3.2 Im Zuge der Herabsetzung des Mündigkeitsalters wurde auch Art. 277 Abs. 2 ZGB neu formuliert, wobei die Kernaussage der Bestimmung - "soweit es ihnen nach den gesamten Umständen zugemutet werden darf" - unverändert geblieben ist. Die bundesrätliche Botschaft stellt fest, durch die Herabsetzung des Mündigkeitsalters erlösche die voraussetzungslose Unterhaltspflicht zwei Jahre früher; diese Entlastung der Eltern sei als Folge der Symmetrie von Rechten und Pflichten grundsätzlich in Kauf zu nehmen (BBl 1993 I 1183). Es folgen sodann Verweise auf die bundesgerichtlichen Entscheide, die Art. 277 Abs. 2 aZGB als Ausnahmenorm charakterisierten, sowie eine Zusammenstellung der Rechtsprechung (S. 1183 unten). Schliesslich werden diese Voraussetzungen und Schranken des Mündigenunterhalts als sachgerecht bezeichnet und bemerkt, die Herabsetzung des Mündigkeitsalters erfordere keine Änderungen (S. 1184 oben). 

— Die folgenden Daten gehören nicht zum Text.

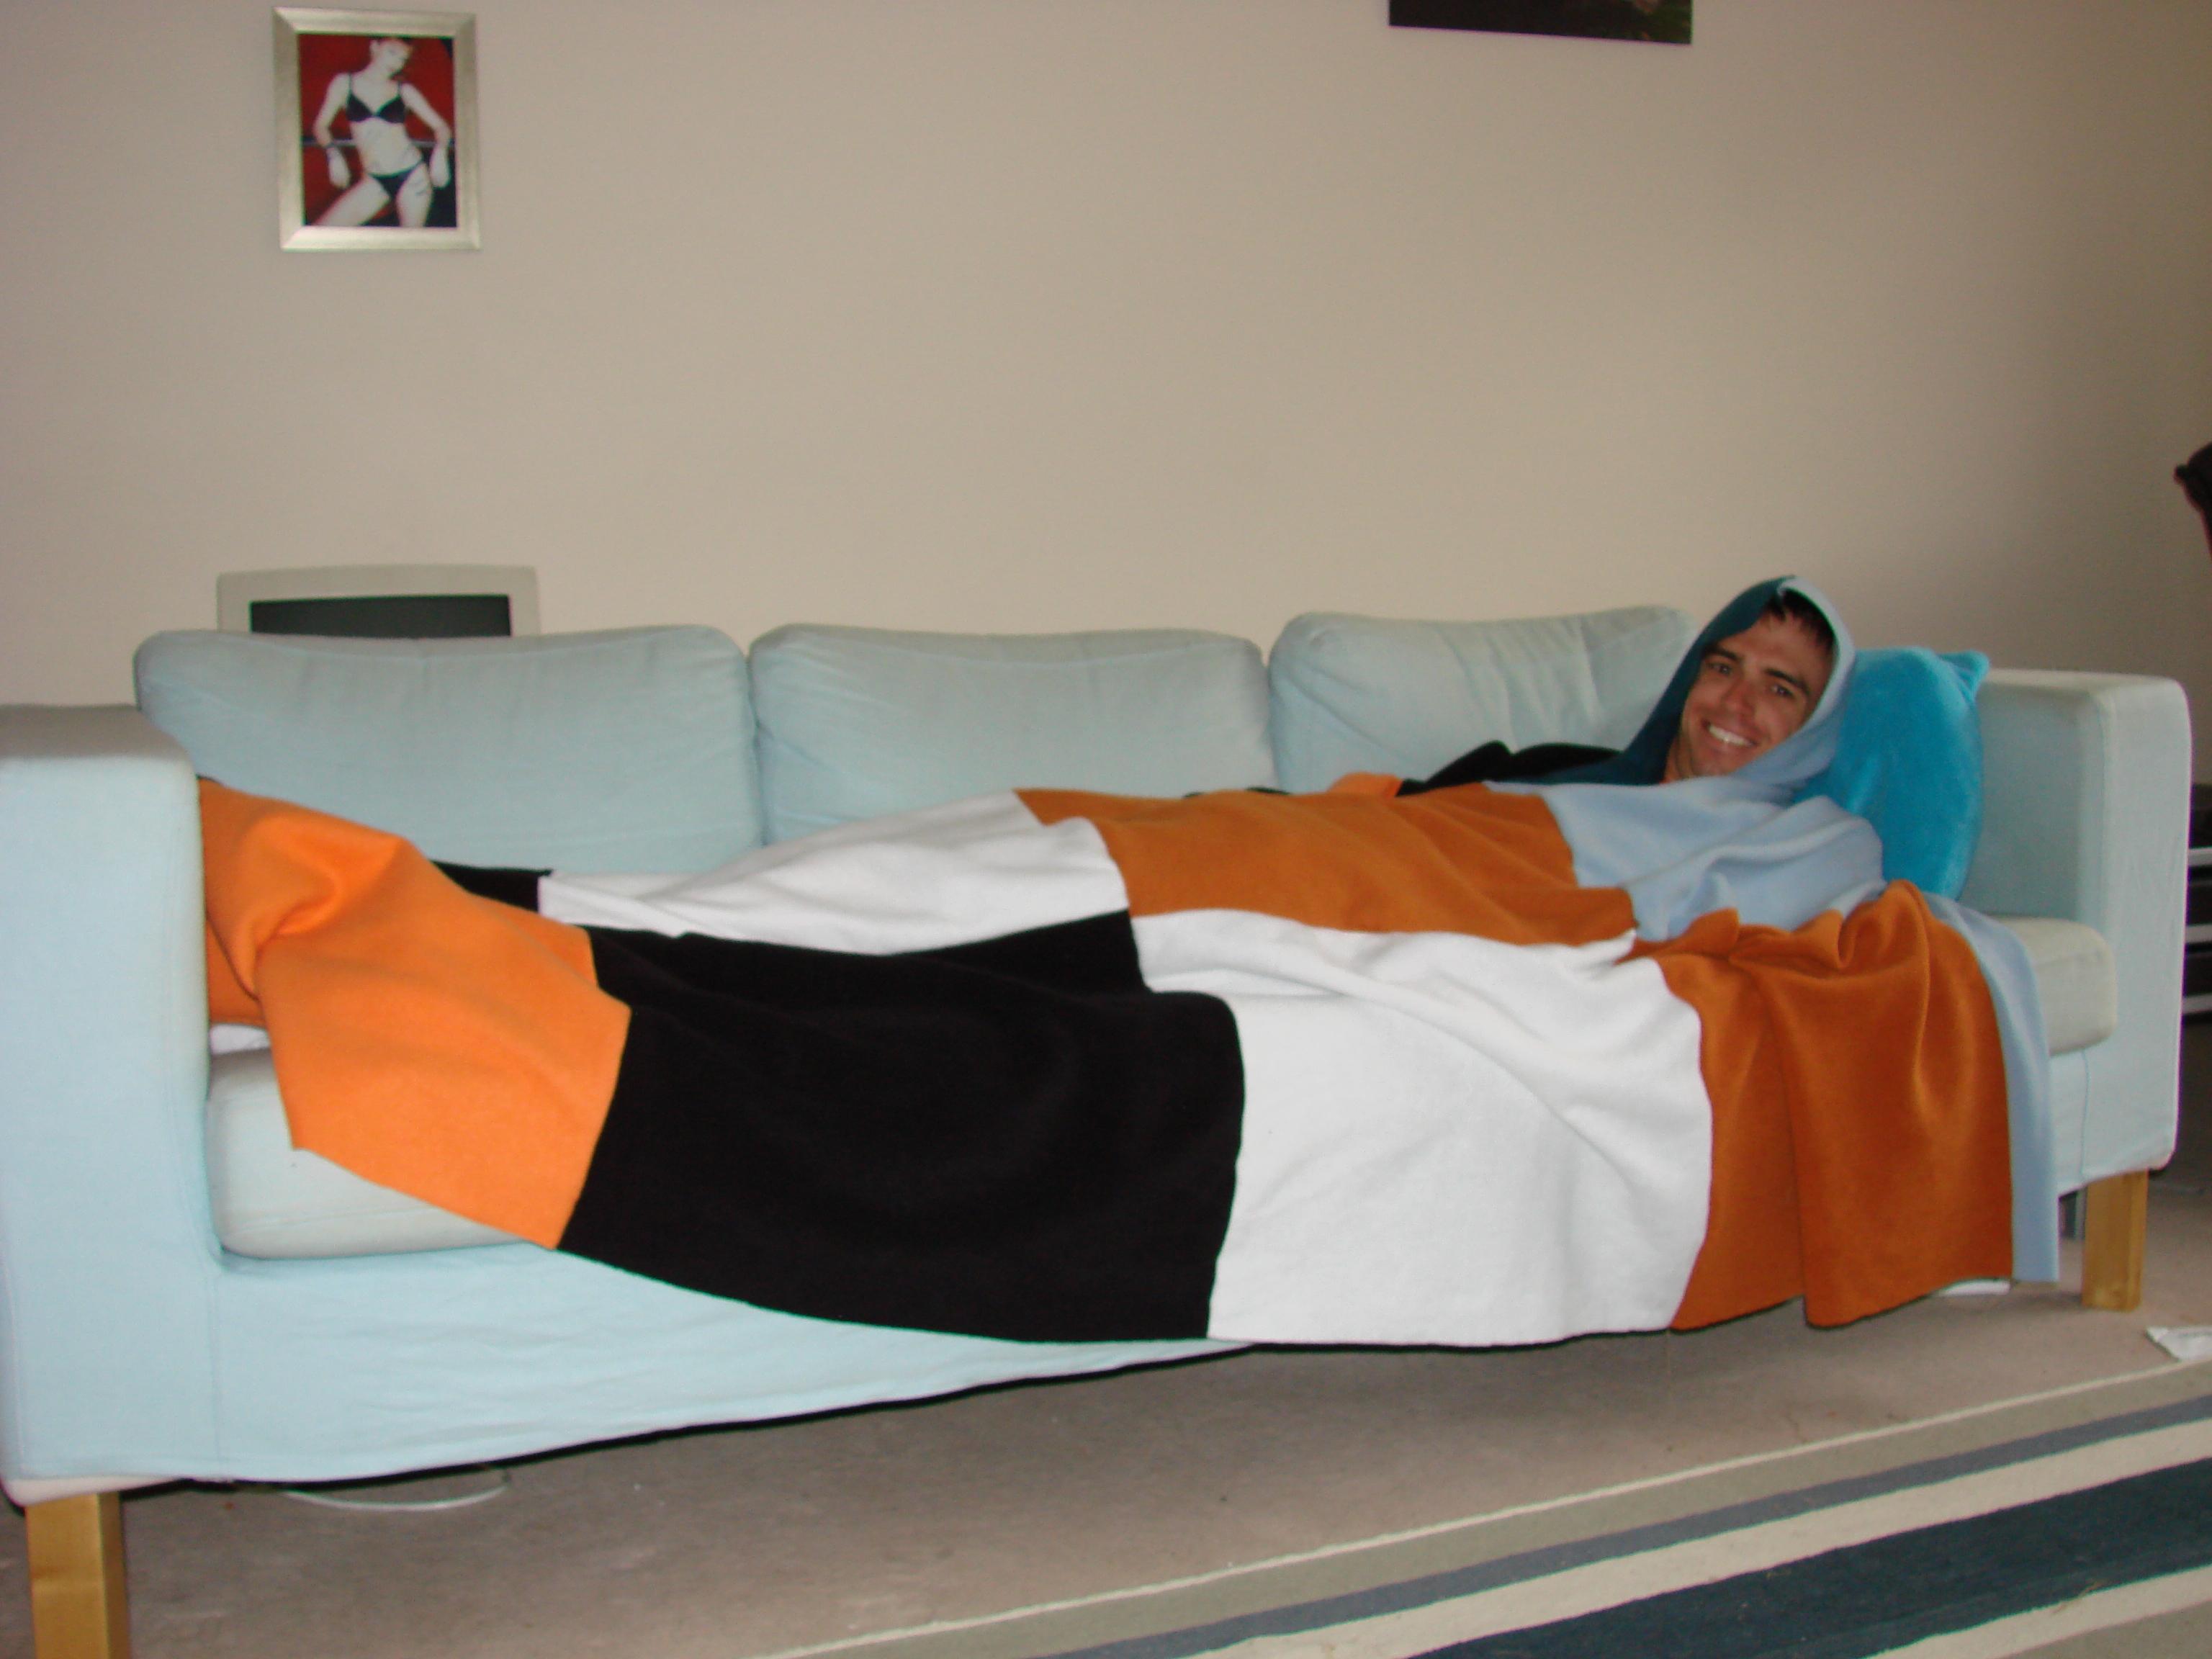 Blanket With Built-In Hood

3.3 Nicht zu übersehen ist allerdings, dass die ordentliche Ausbildung seit der Herabsetzung des Mündigkeitsalters nur noch selten vor der Volljährigkeit abgeschlossen werden kann. Daran anknüpfend befürwortet ein beachtlicher Teil der Lehre, den Ausnahmecharakter des Mündigenunterhalts zu relativieren (Breitschmid, Basler Kommentar, N. 10 zu Art. 277 ZGB; Stephan Wullschleger, in: Praxiskommentar zum Scheidungsrecht, N. 23 der Allg. Bem. zu Art. 276-293 ZGB; Rolando Forni, Die Unterhaltspflicht der Eltern nach der Mündigkeit des Kindes, ZBJV 132/1996 S. 432 f.; Hausheer/Spycher, Handbuch des Unterhaltsrechts, 1997, N. 6.60). Der Mündigenunterhalt steht in engem Zusammenhang mit der elterlichen Erziehungspflicht, zu der gemäss Art. 302 Abs. 2 ZGB insbesondere gehört, dem Kind eine seinen Fähigkeiten und Neigungen entsprechende allgemeine und berufliche Ausbildung zu verschaffen. Freilich hat der Konnex zwischen Unterhalts- und Erziehungspflicht schon unter altem Recht bestanden; doch hat er durch die Herabsetzung des Mündigkeitsalters eine Akzentuierung erfahren. Sind die meisten Jugendlichen während ihrer Ausbildung auch nach erlangter Mündigkeit noch auf Unterhalt angewiesen, ist es realitätsfremd, den Mündigenunterhalt als Ausnahmeerscheinung zu charakterisieren. Er kann umgekehrt aber auch nicht als Regel gelten, dürfte doch ein grosser Teil der Jugendlichen ungefähr mit 20 Jahren über eine angemessene Ausbildung verfügen. Die letztlich gekünstelt wirkende Differenzierung zwischen Regel und Ausnahme ist für die Entscheidfindung im konkreten Einzelfall kaum hilfreich, zumal nicht ohne Ausnahmen von der Ausnahme auszukommen wäre. Im Übrigen hat das Bundesgericht bereits im Urteil 5C.186/1998 vom 2. November 1998 den Ausnahmecharakter des Mündigenunterhalts hinsichtlich Jugendlicher zwischen dem 18. und 20. Altersjahr relativiert (Hinweis in BGE 127 I 202 E. 3f S. 208). 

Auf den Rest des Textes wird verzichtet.